■ **RECORDED INFORMATION**
·····

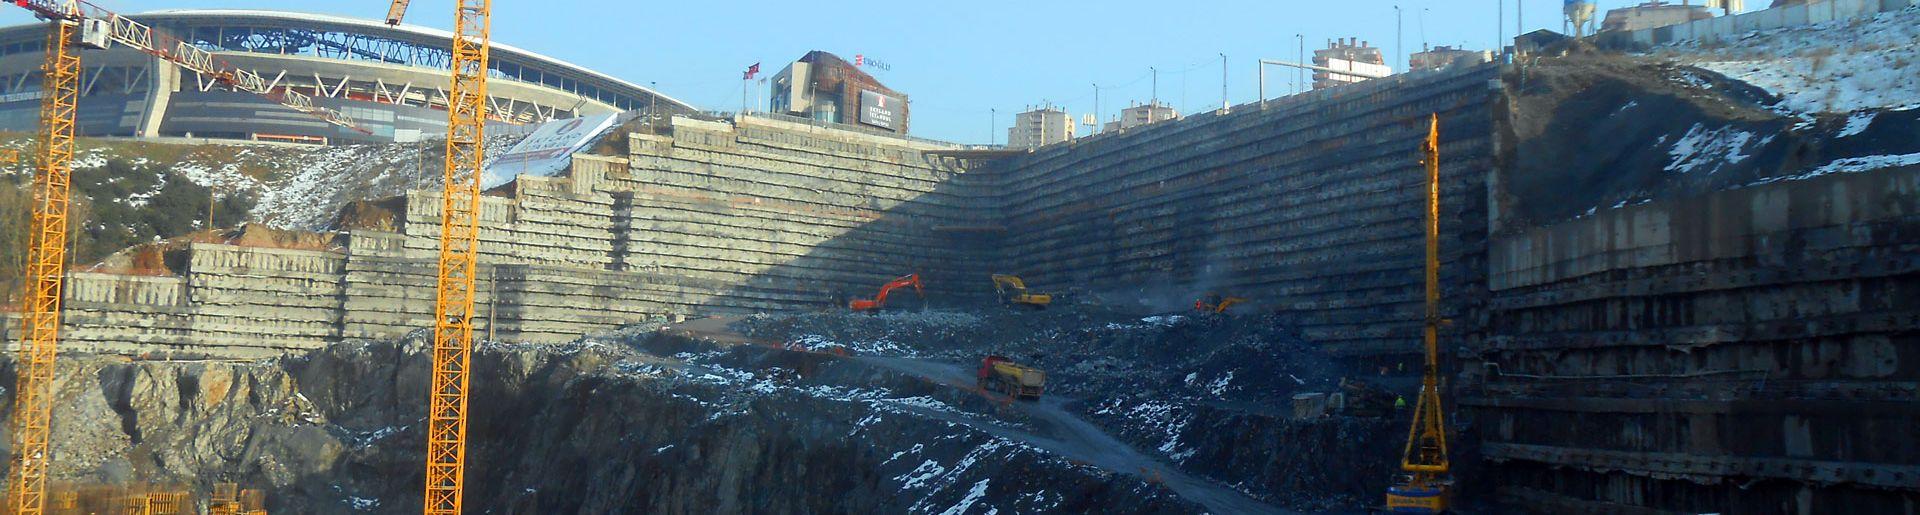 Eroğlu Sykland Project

·····

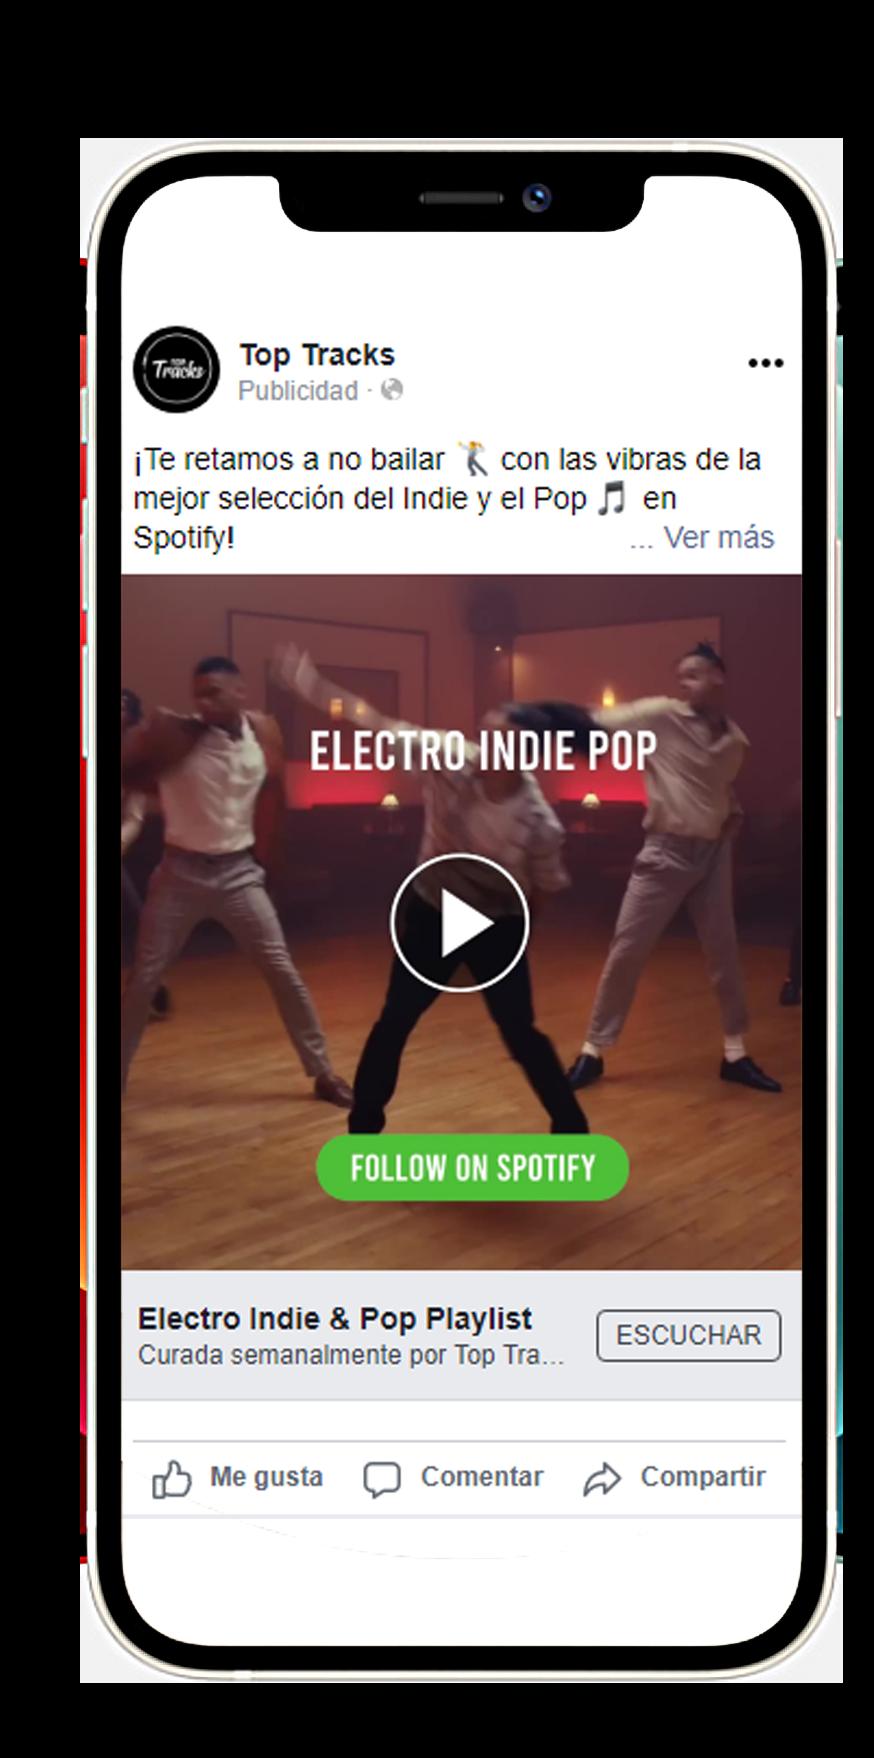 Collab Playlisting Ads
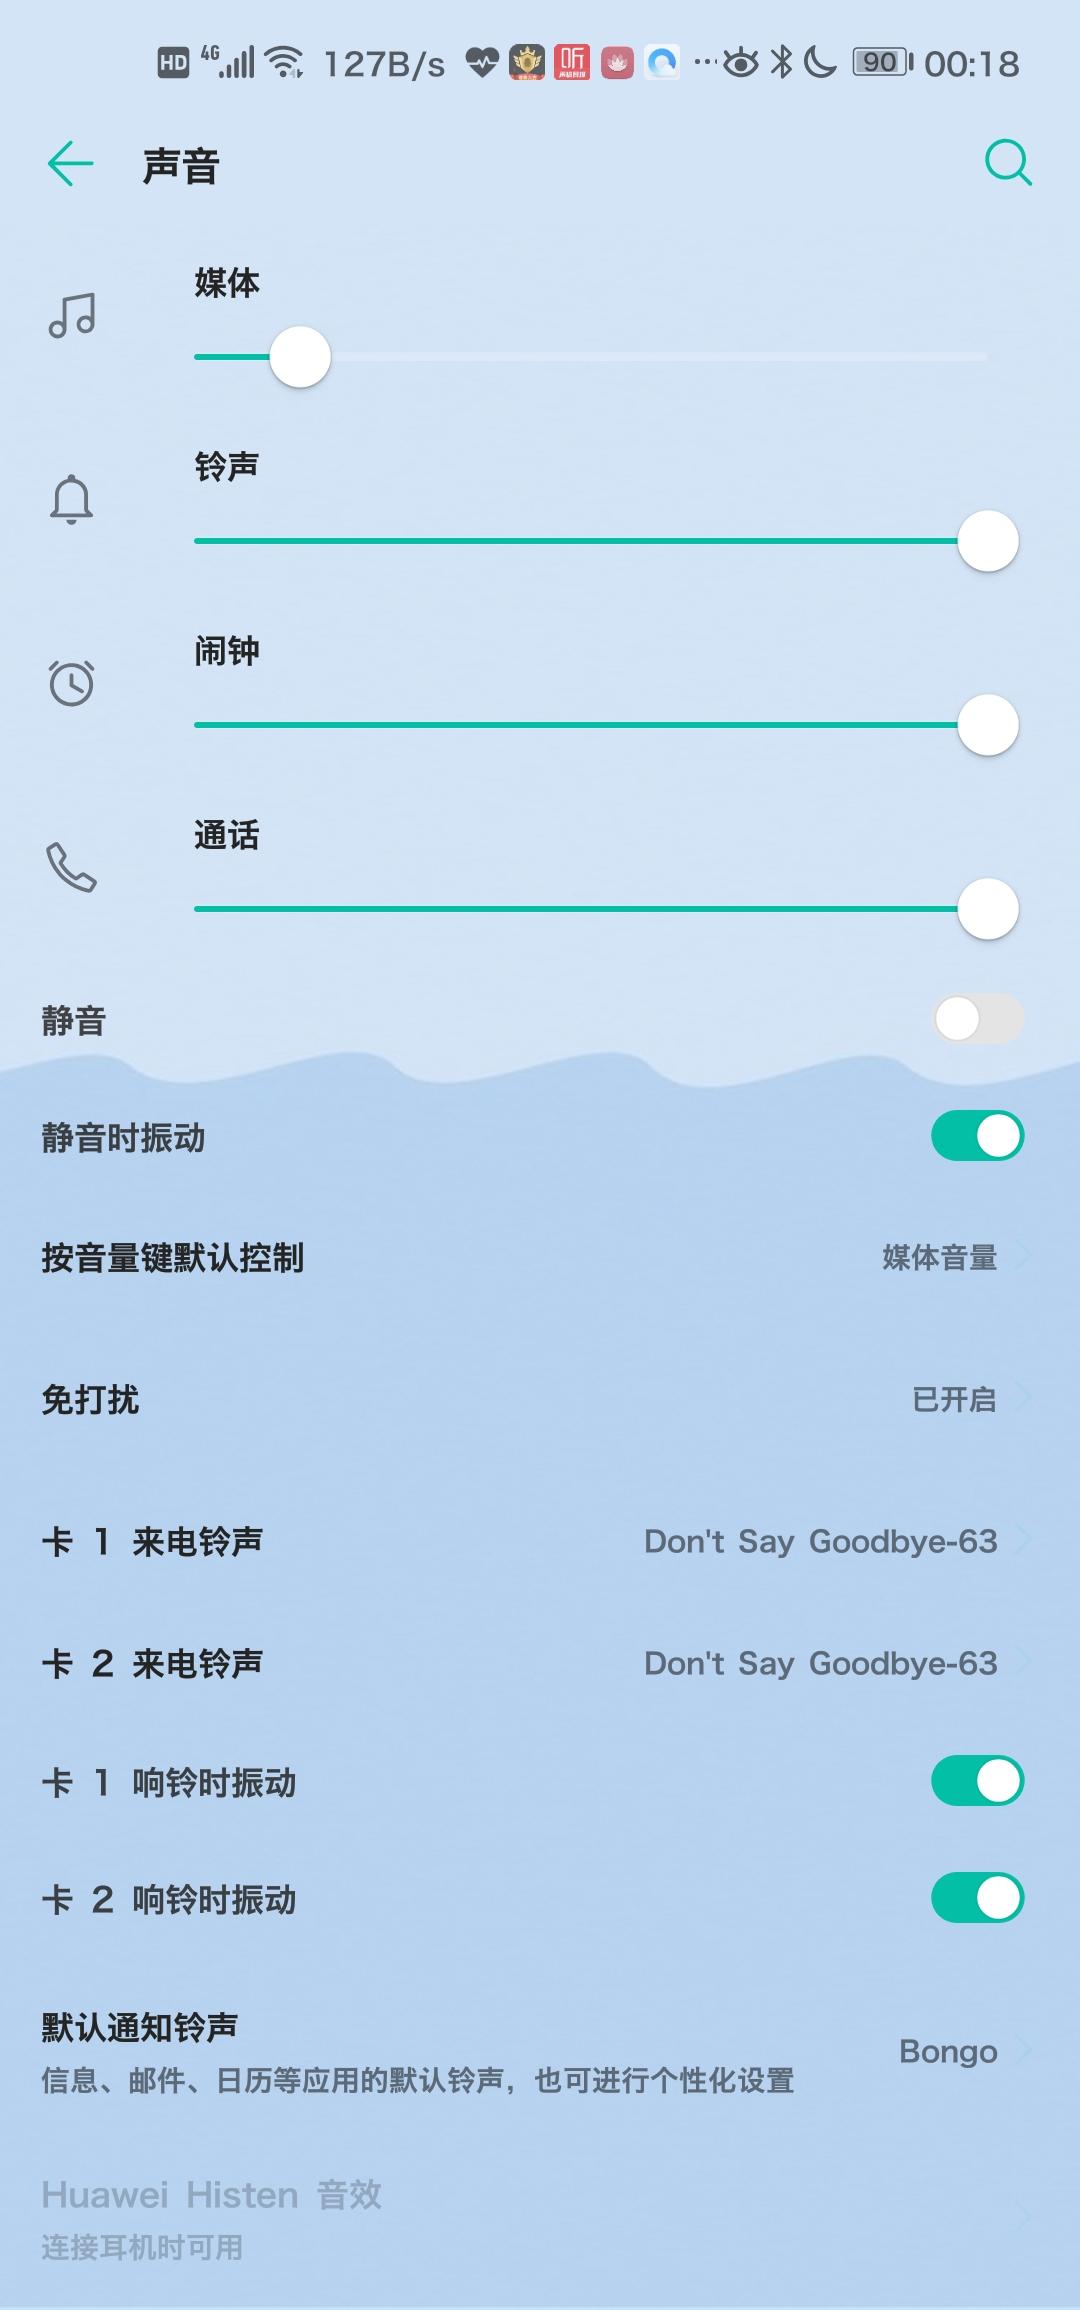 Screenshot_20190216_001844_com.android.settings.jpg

·····

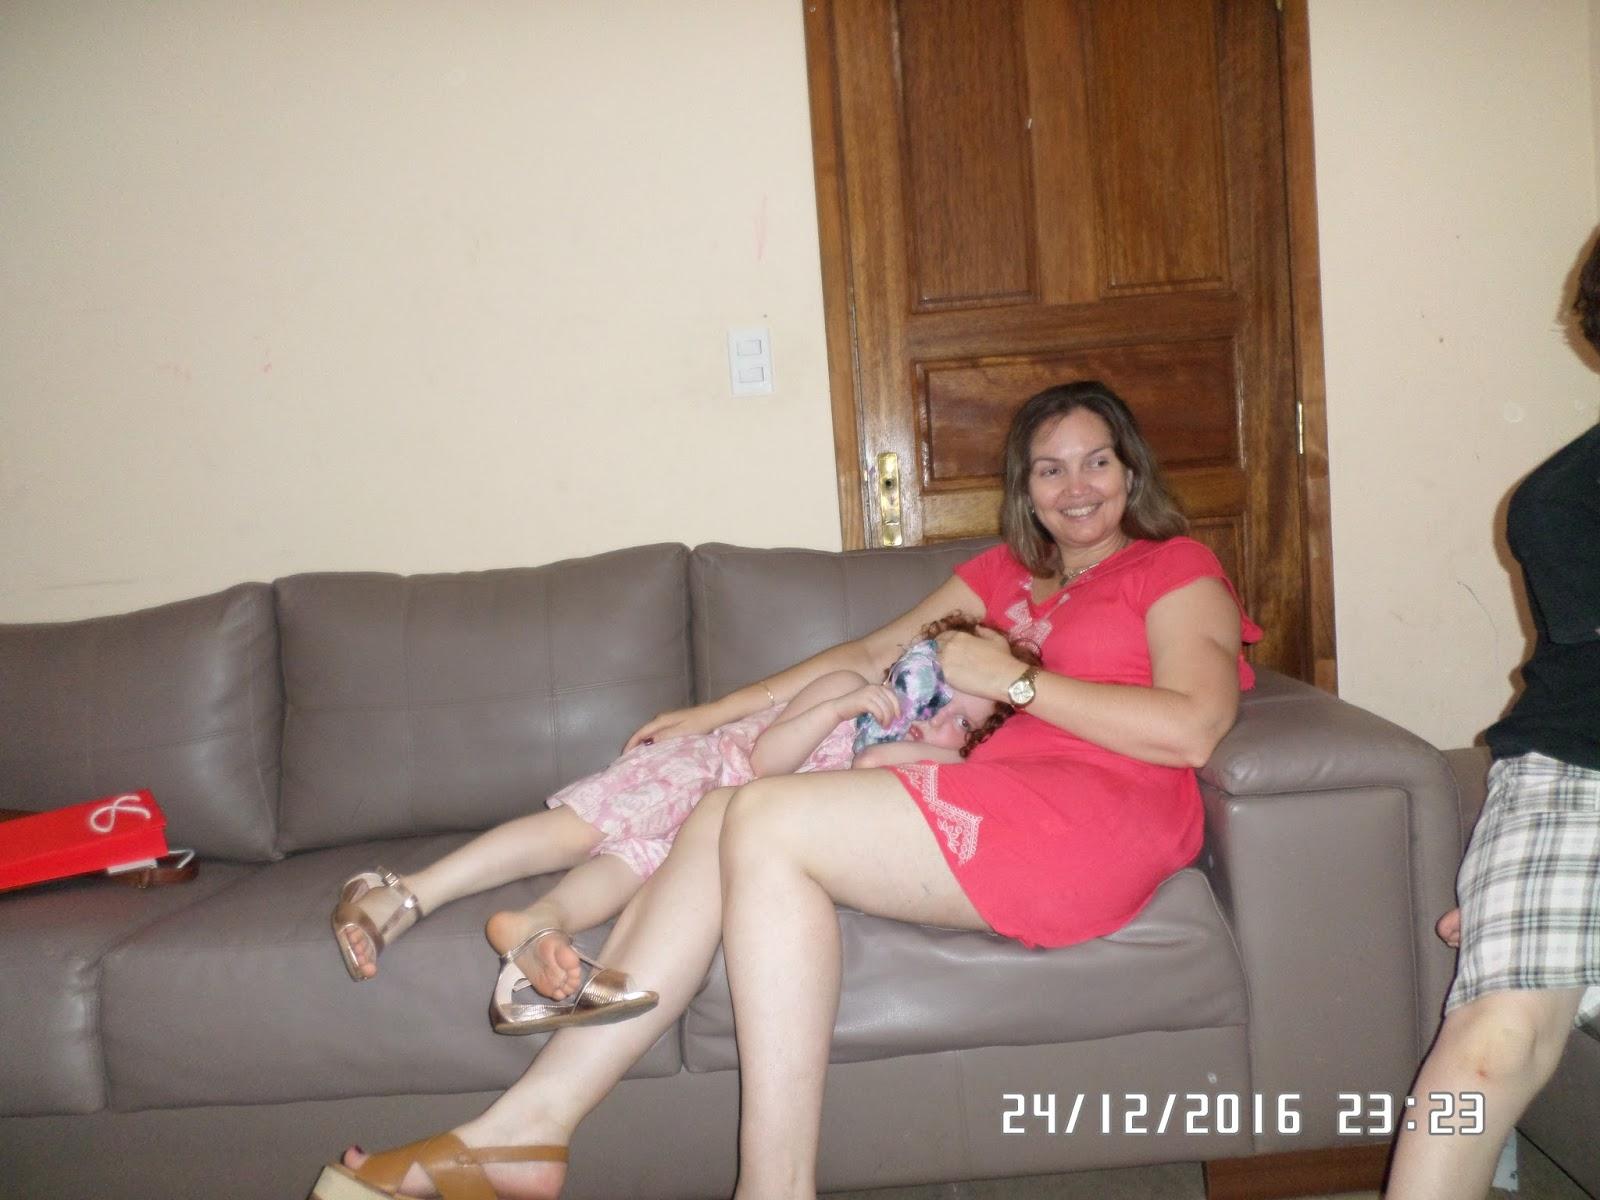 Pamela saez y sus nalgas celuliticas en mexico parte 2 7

·····

■ **ACTIVITY**
From the data above, return exactly the lines from the one with "Collab Playlisting Ads" up to and including the one with "Screenshot_20190216_001844_com.android.settings.jpg". Pictures do not go in the copy.

■ **RESPONSE FOR THIS EXERCISE**
 Collab Playlisting Ads
 Screenshot_20190216_001844_com.android.settings.jpg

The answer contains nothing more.